Requirement> Copy out again, unchanged, the listing below from the line that has "Boss-Lady Pumps - The" through the line that has "LFM 2024 Air".

Records for processing>
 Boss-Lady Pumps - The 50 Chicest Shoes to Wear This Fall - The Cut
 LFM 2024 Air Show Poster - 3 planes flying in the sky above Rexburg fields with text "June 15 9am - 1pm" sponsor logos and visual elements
--
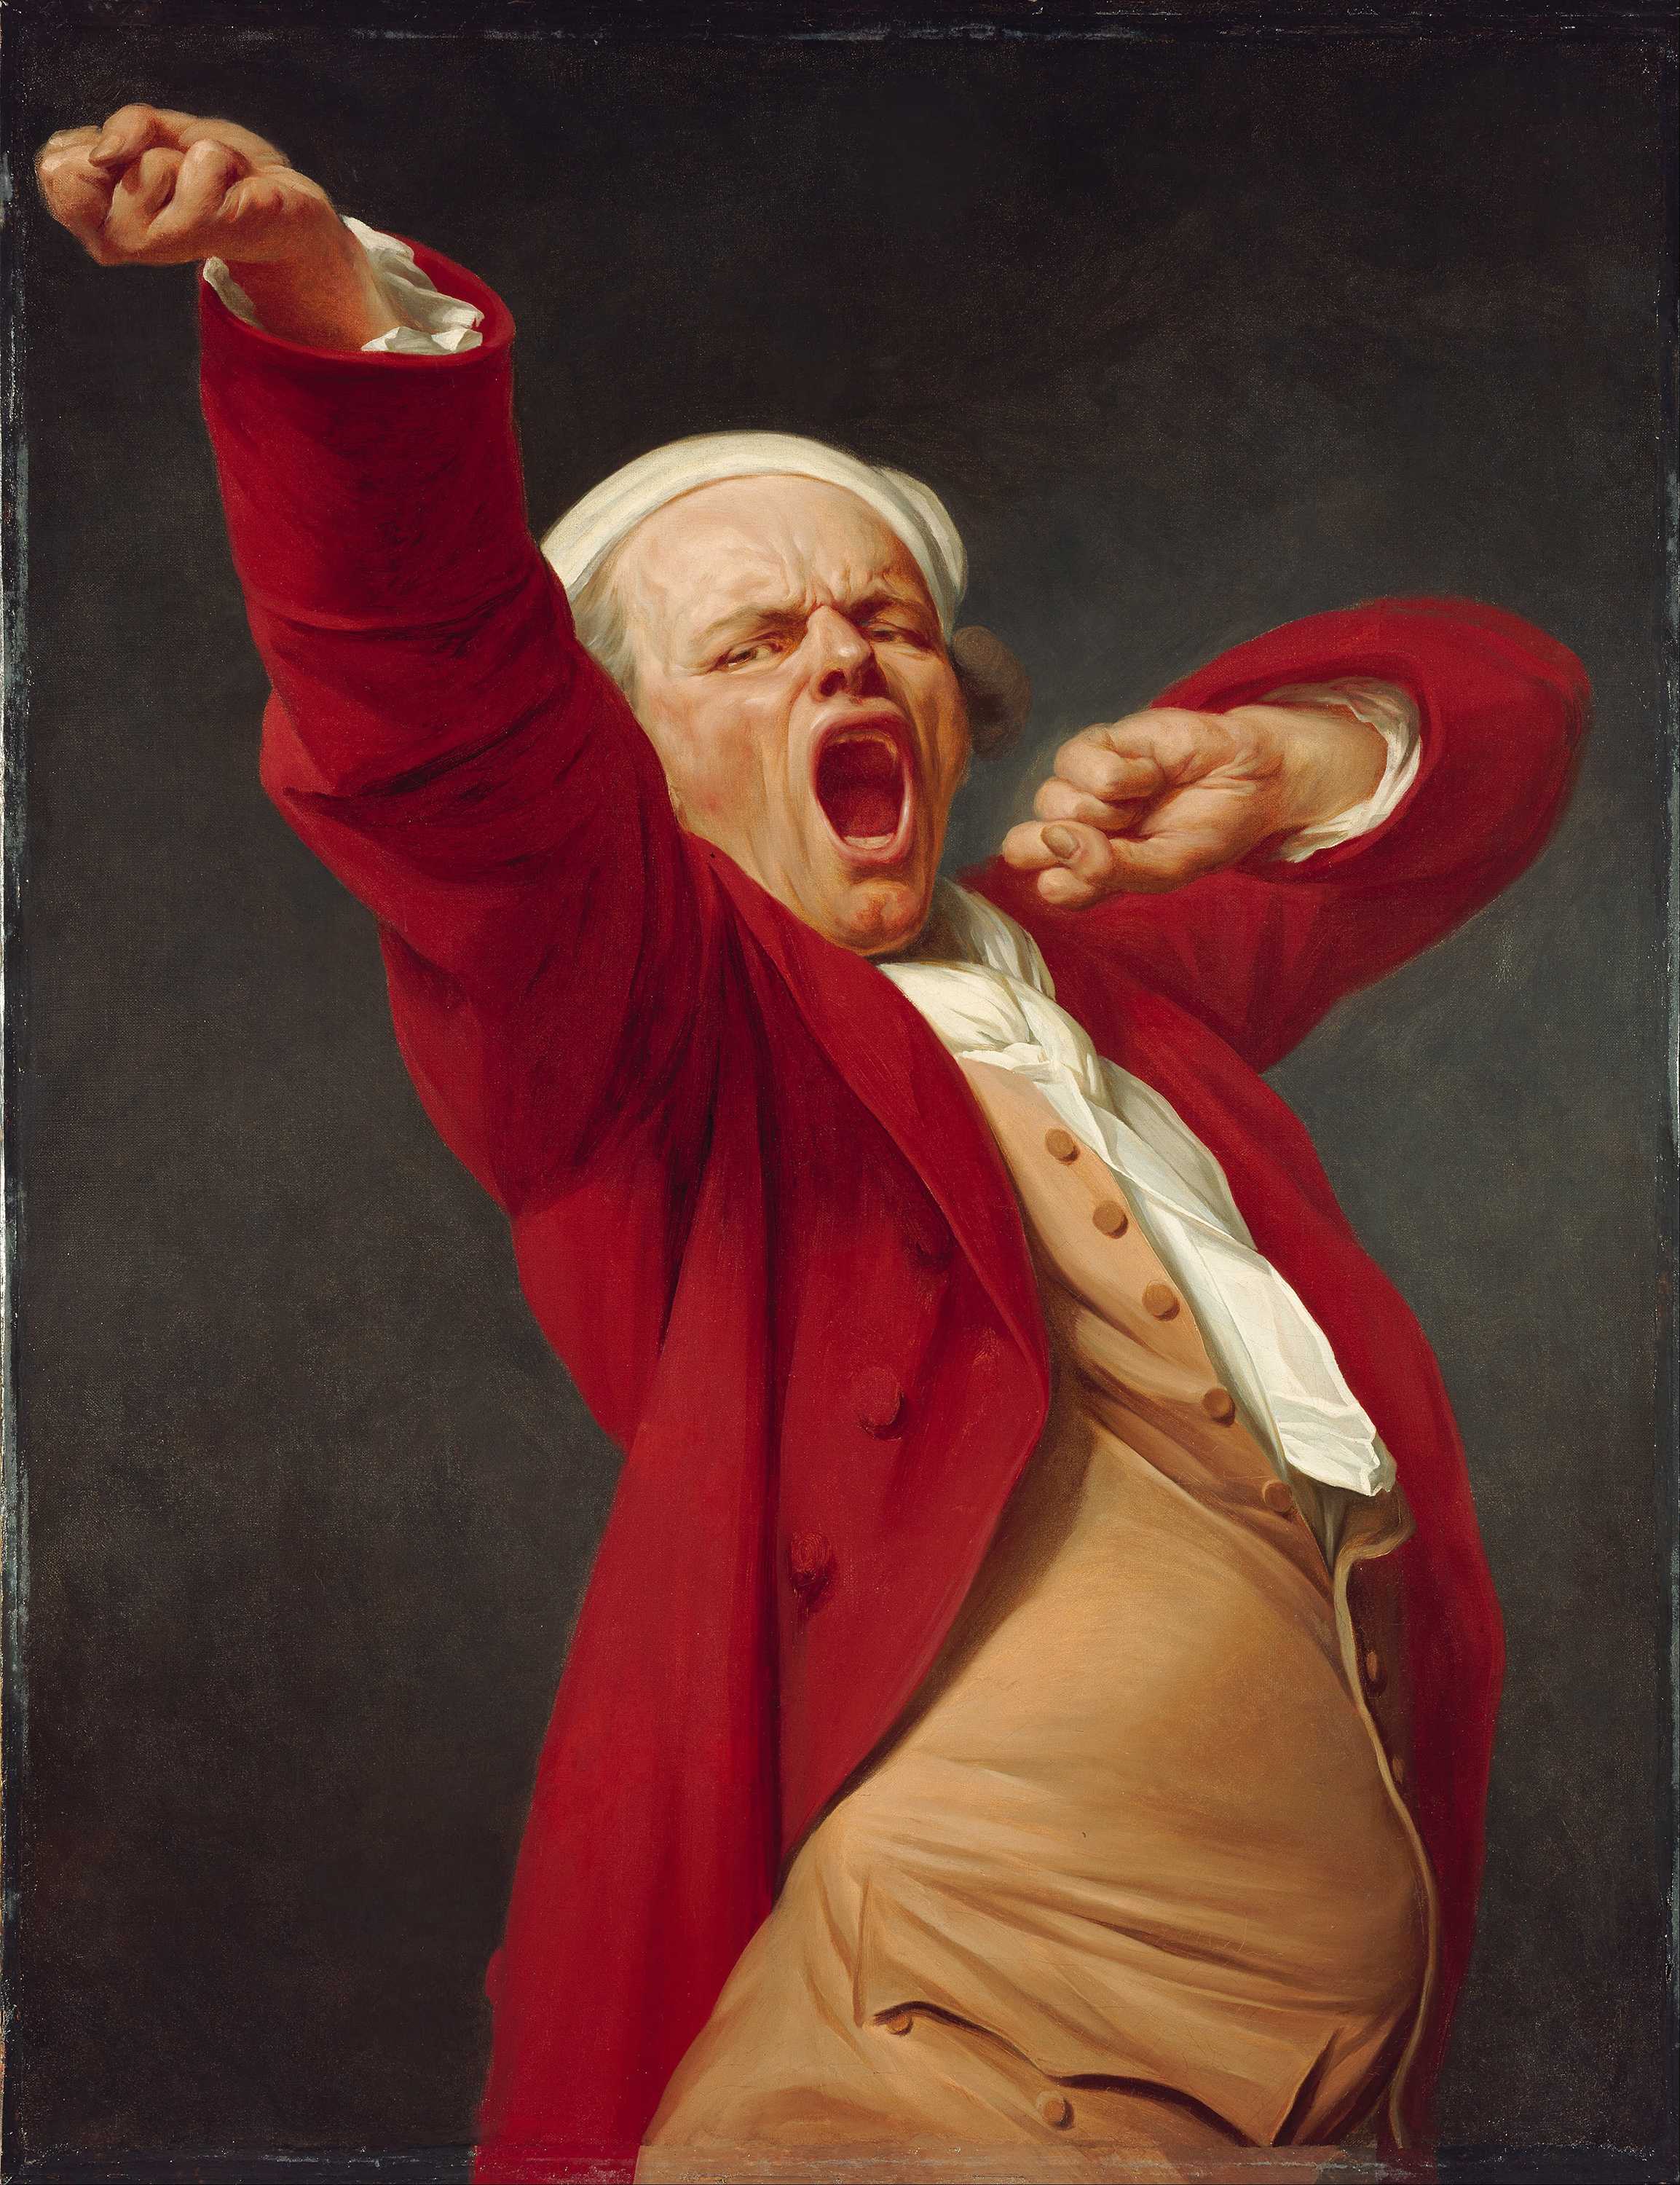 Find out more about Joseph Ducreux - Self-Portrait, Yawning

Completed task>
 Boss-Lady Pumps - The 50 Chicest Shoes to Wear This Fall - The Cut
 LFM 2024 Air Show Poster - 3 planes flying in the sky above Rexburg fields with text "June 15 9am - 1pm" sponsor logos and visual elements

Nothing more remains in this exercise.